On Sat, Apr 18, 2009 at 2:46 PM, Maurizio <maurizio.gran...@gmail.com> wrote:
> Could you be clearer? As I told, I'm not familiar with rings. I don't
> even know the meaning of the argument of GF (I took the number 5 from
> an example I see in sage-support group, I think). Do you think that QQ
> [] could fit in this case? Moreover, what's the difference between QQ
> and QQbar?

GF(5) means the Galois field of characteristic 5, a.k.a. the integers
modulo 5.  (So in GF(5), you have 2*3 = 1, 3+4 = 2, etc.)  It's
probably quite irrelevant for computing integrals.

QQ is the rational numbers (fractions).  QQbar is the algebraic
closure of QQ; this means it includes every complex number which is
the root of a polynomial with rational coefficients.  So it includes
things like sqrt(2) (which is a root of x^2-2), and sqrt(-1) (a root
of x^2+1), as well as more exotic numbers like the roots of x^5-x-1,
which can't be expressed using radicals (roots).  (QQbar does not
include all complex numbers, though; for instance, it does not include
pi or e, which are transcendental rather than algebraic.)

> Now let's go to Carl's help...
>
>> Taking a quick look at that page, it looks like they want the exact
>> roots in CC of a polynomial with algebraic coefficients.  In Sage, we
>> can get this with QQbar:
>>
>> sage: K.<x> = QQbar[]
>> sage: (x^5-x-1).roots(ring=QQbar)
>>
>
> First problem with QQbar: it seems that resultant() doesn't like it,
> because it is not able to convert it to a Singular ring (this is the
> error, I'm not attaching all the output, tell me if you need it)
>
> TypeError: no conversion of this ring to a Singular ring defined

Looks like this hasn't been implemented yet.

> On the contrary, QQ[] seems to work fine with resultant (but it
> doesn't have roots() )

Univariate polynomials over QQ definitely have roots(); were you using
a multivariate polynomial ring?

> Moreover, it seems that QQbar roots() is not working for multivariate
> polynomials ring... is it true or am I just missing something else? In
> that case, is possible to let it work in multivariate polynomials? As
> you can imagine, I would like to think about this as a method of
> solving integrals, so it is very likely to have a symbolic expression
> with more than just a single symbolic variable.
>
> Apart from this, is there another way to solve an equation (with more
> than a single symbolic variable) obtaining exact roots? It seems that
> maxima would do the work (with algebraic numbers...), is it possible
> that it is the only symbolic equation solver within SAGE? What about
> SymPy or anything else?

What does this even mean?  .roots() gives a list of all the solutions
of a univariate polynomial equation.  But a multivariate polynomial
equation will usually have an infinite number of solutions; for
instance, x^2+y^2-1=0 has an infinite number of solutions over the
rationals (or the reals, or the algebraic reals, etc.)

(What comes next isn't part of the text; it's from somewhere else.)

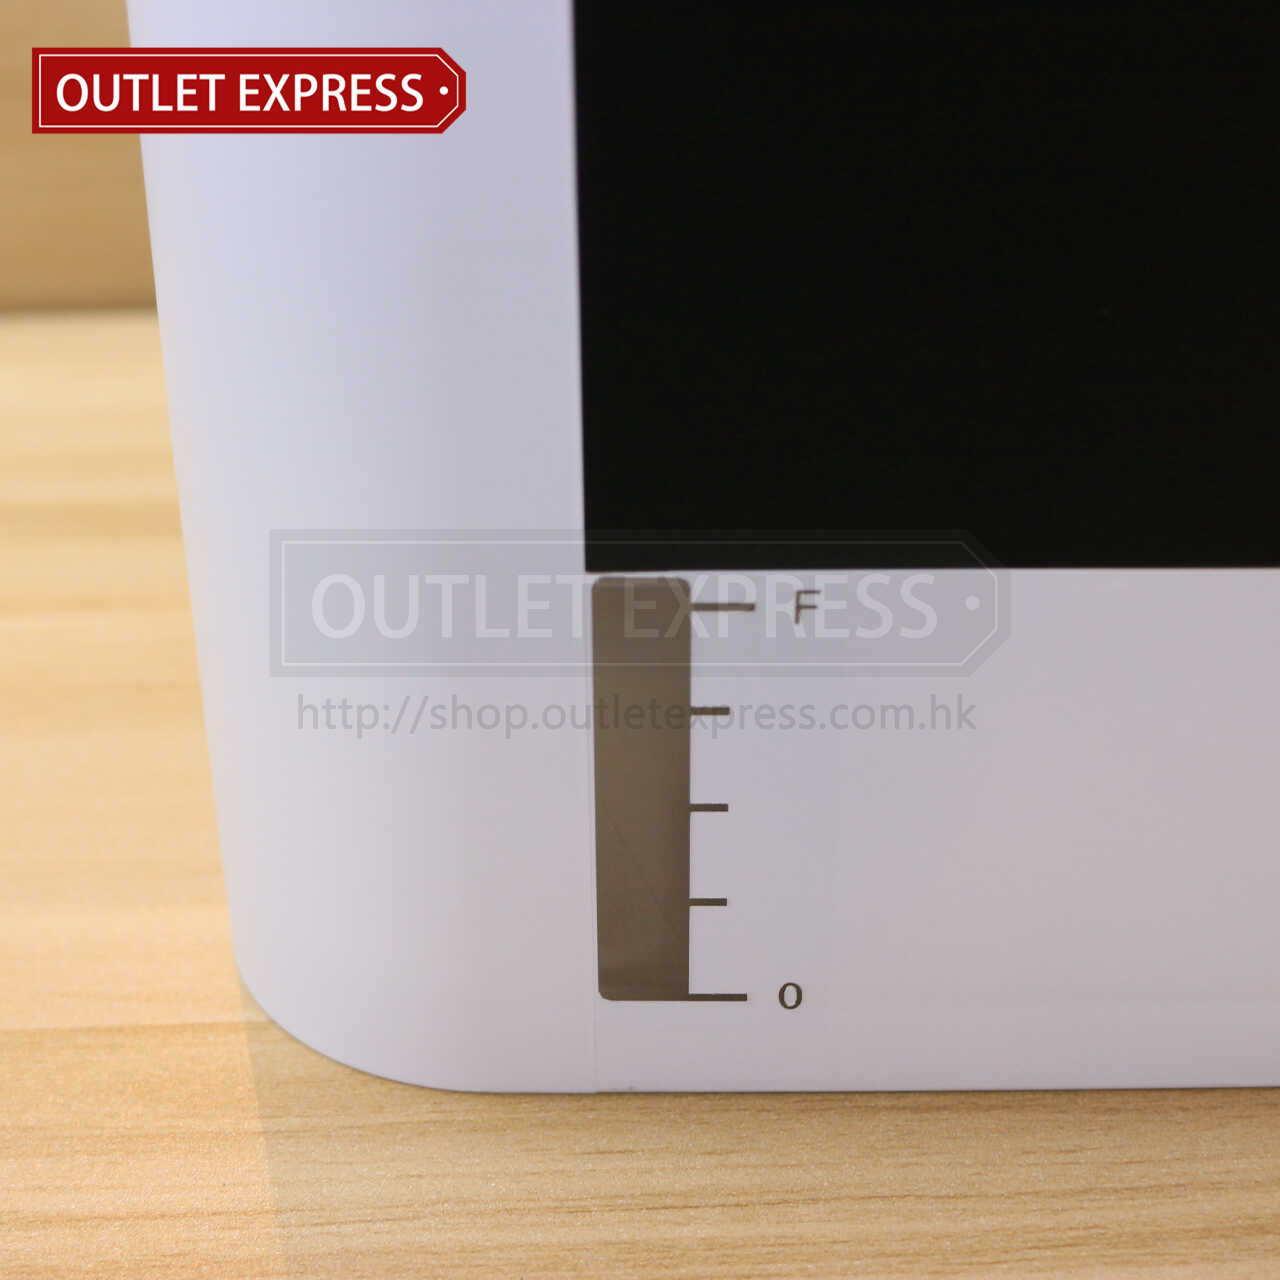 IDI USB 納米攜帶冷風機- Outlet Express HK生活百貨城實拍相片

If you have a system of multivariate polynomial equations, then the
system might have only finitely many solutions.

> Finally, I still would like to know which is the best way to translate
> the output of a calculation with polynomial rings into a symbolic
> expression, that can be carried on with maxima or pynac. Can you help
> me?

If p is a polynomial, then SR(p) is a symbolic expression.